OP!! Personally I don't think that's a very nice thing of your SIL to say at all. Unless you made it clear that you wanted her financial advice (or were clearly falling apart with two kids) I'd hope family members would be supportive.....

At the risk of repeating what others said, some thing are cheap and some are not. Breastmilk is free but um, they do start needing other foods at some point!! Where we live, organic is EXPENSIVE and we pay a price for the healthy life we want to give ds. But since I can see how processed foods, preservatives, etc. affect him, I think it's worth it. I see the non-organic rght next to theorganic and I know how much I could save flat out









Also, homeschooling isn't free if you take into consideration the financial loss of the homeschooling parent's income. I don't think we can homeschool b/c while I can SAHM now, we will need my income later. I've heard people talk about saving money on school versus play clothes, but ds will only have one wardrobe :LOL

We also have good medical insurance which I pay a hefty premium for. Ds had surgery a few months ago and the bills, even after insurance, were really high. If he was on Medicaid the bills would have been less but he would have had to have the procedure done at a BAD hopsital with a non-specialist, which was not a choice I was going to make if I had an alternative.


----------



## journeymom (Apr 2, 2002)

If you think of it in very literal, before-child/after-child terms, then the expense becomes obvious. If Dh and I didn't have children we'd live in a little condo within walking distance of work, probably. Insted we own a 4-bedroom home in the 'burbs, close to schools. I drive a 4-door wagon instead of a sedan (which I'm assuming uses more gas than the average sedan does).

I'm sure our grocery bill would be less than half what we spend now.

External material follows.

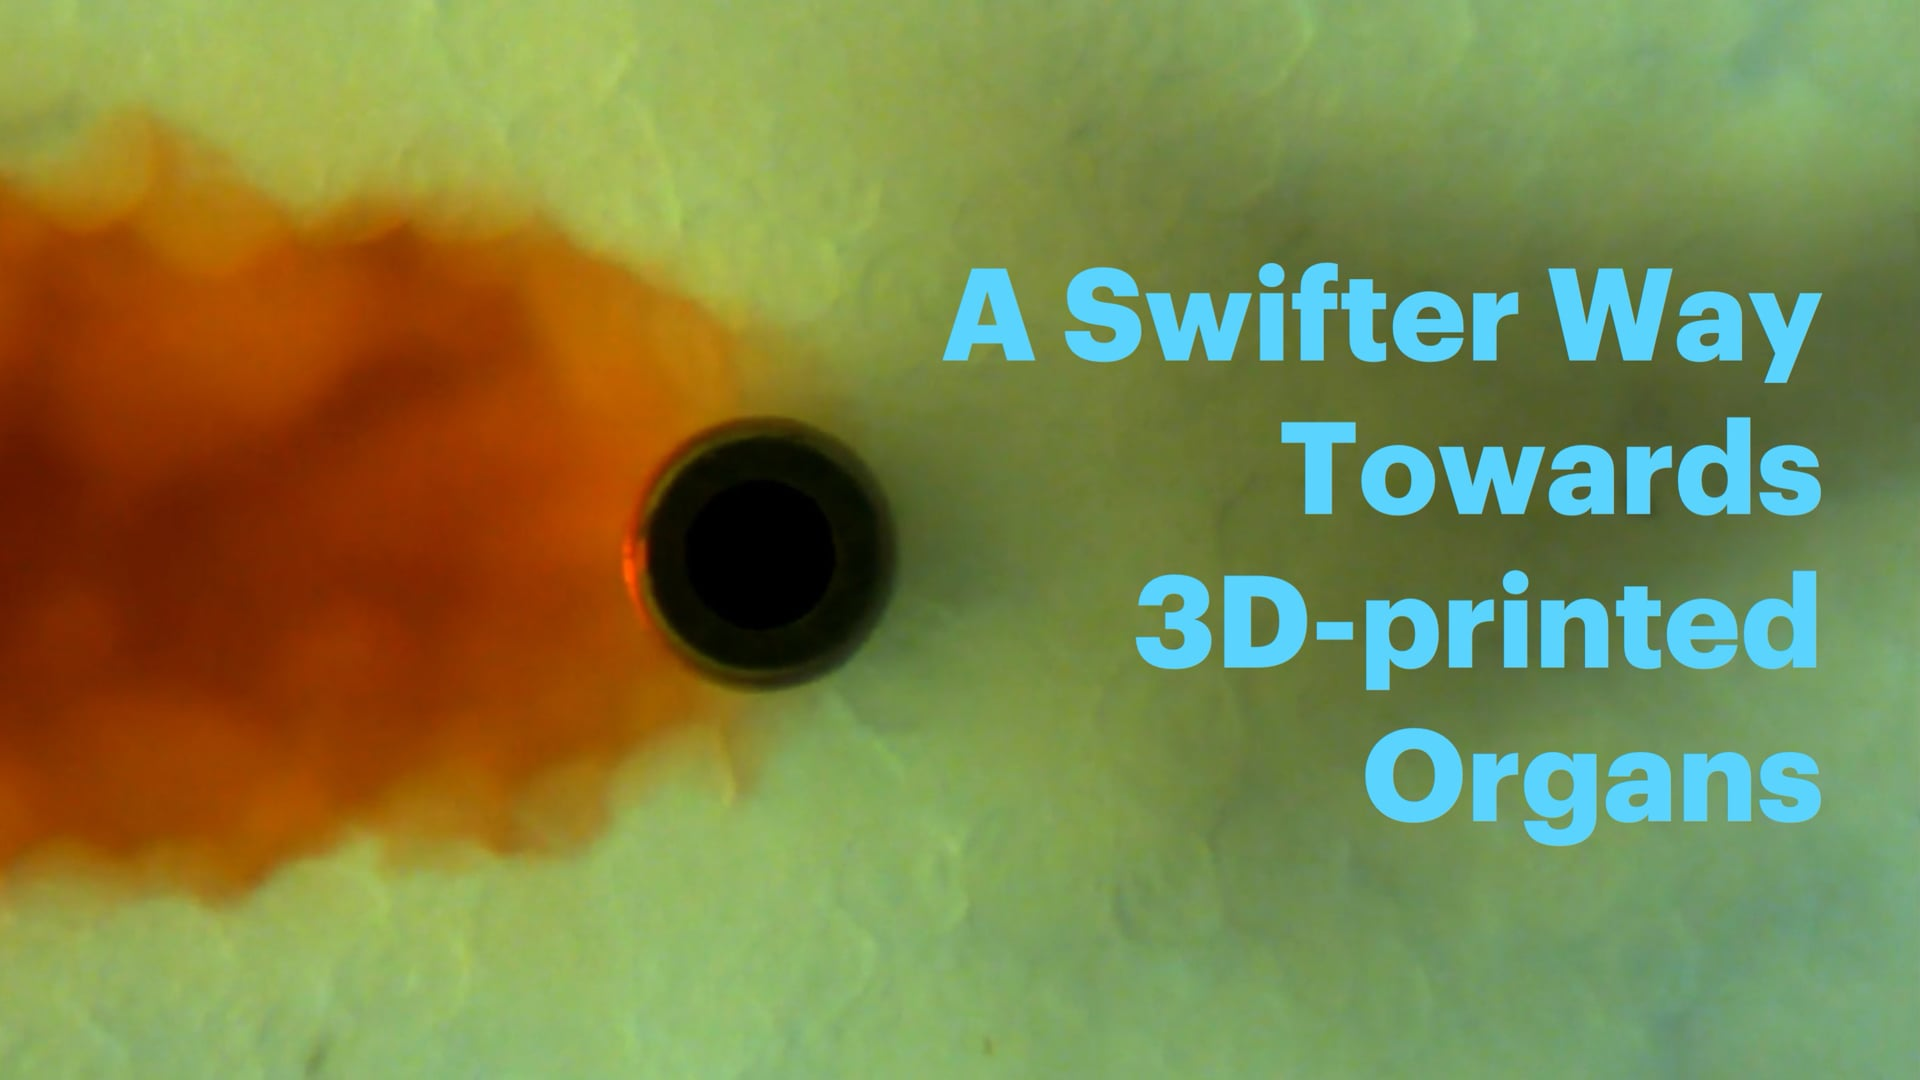 A Swifter Way Towards 3D-printed Organs
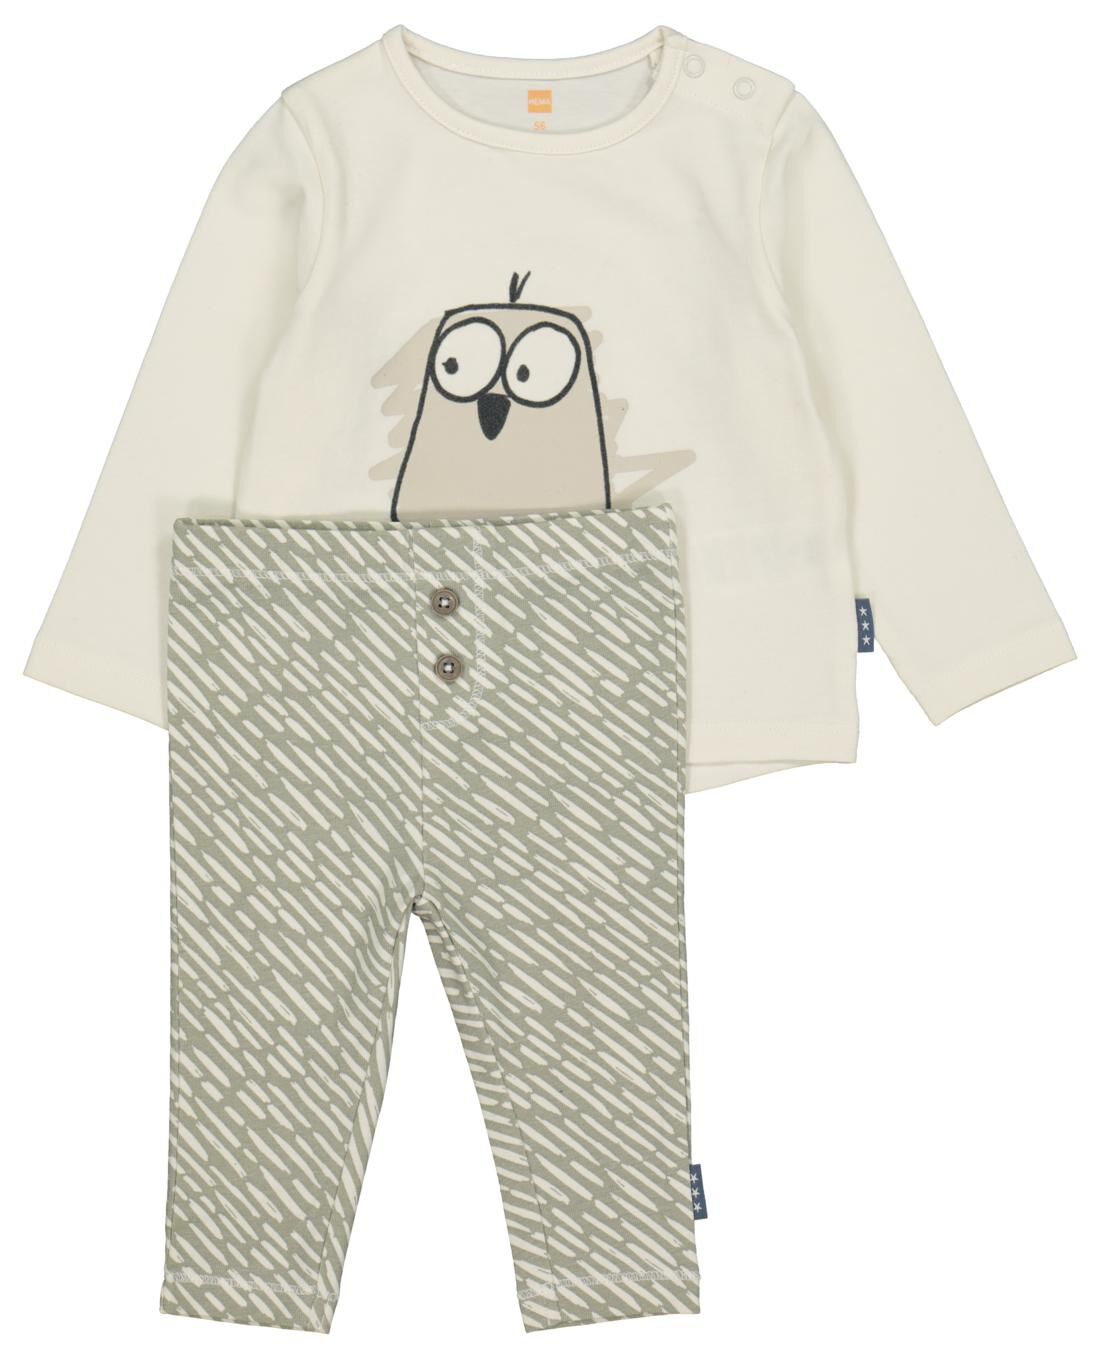 HEMA Newborn Setje T-shirt En Broek Groen (groen)

Dd is 10 y.o. and ds is 5 y.o. In the next couple of months we'll be paying for t-ball, swim team, piano lessons and probably horse riding lessons (absolutely not a necessity, but dd has been asking for a loonnnng time, and it's my pleasure to sacrifice the gym membership I haven't been using for 8 months anyway to make it possible.)

Actually, what's expense got to do with it? As long as you are taking care of your child's needs responsibly, who's to criticize??


----------



## maya44 (Aug 3, 2004)

Quote:


Originally Posted by *Viriditas*
My sister (who just had a baby in December) tried to tell me last week that a baby will cost dh and me $1000 a month extra! :LOL Riiiiight. Granted I've never done this before, but I'm fairly sure having a baby will cost us nowhere near that. Now I'm wondering what the heck she spends all this money on...disposable diapers, formula (she's bf, but supplimenting. I'm surprised she hasn't lost her supply yet), paying off all the designer baby furniture...what else could they be buying for this kid that costs so much?


Um, are you working now? If you did not have kids would you NOT work at all?

This is where the BIG expense of having kids come in; either loss of salary or payment for daycare PLUS:

Health insurance
Life Insurance
College Costs.


----------



## journeymom (Apr 2, 2002)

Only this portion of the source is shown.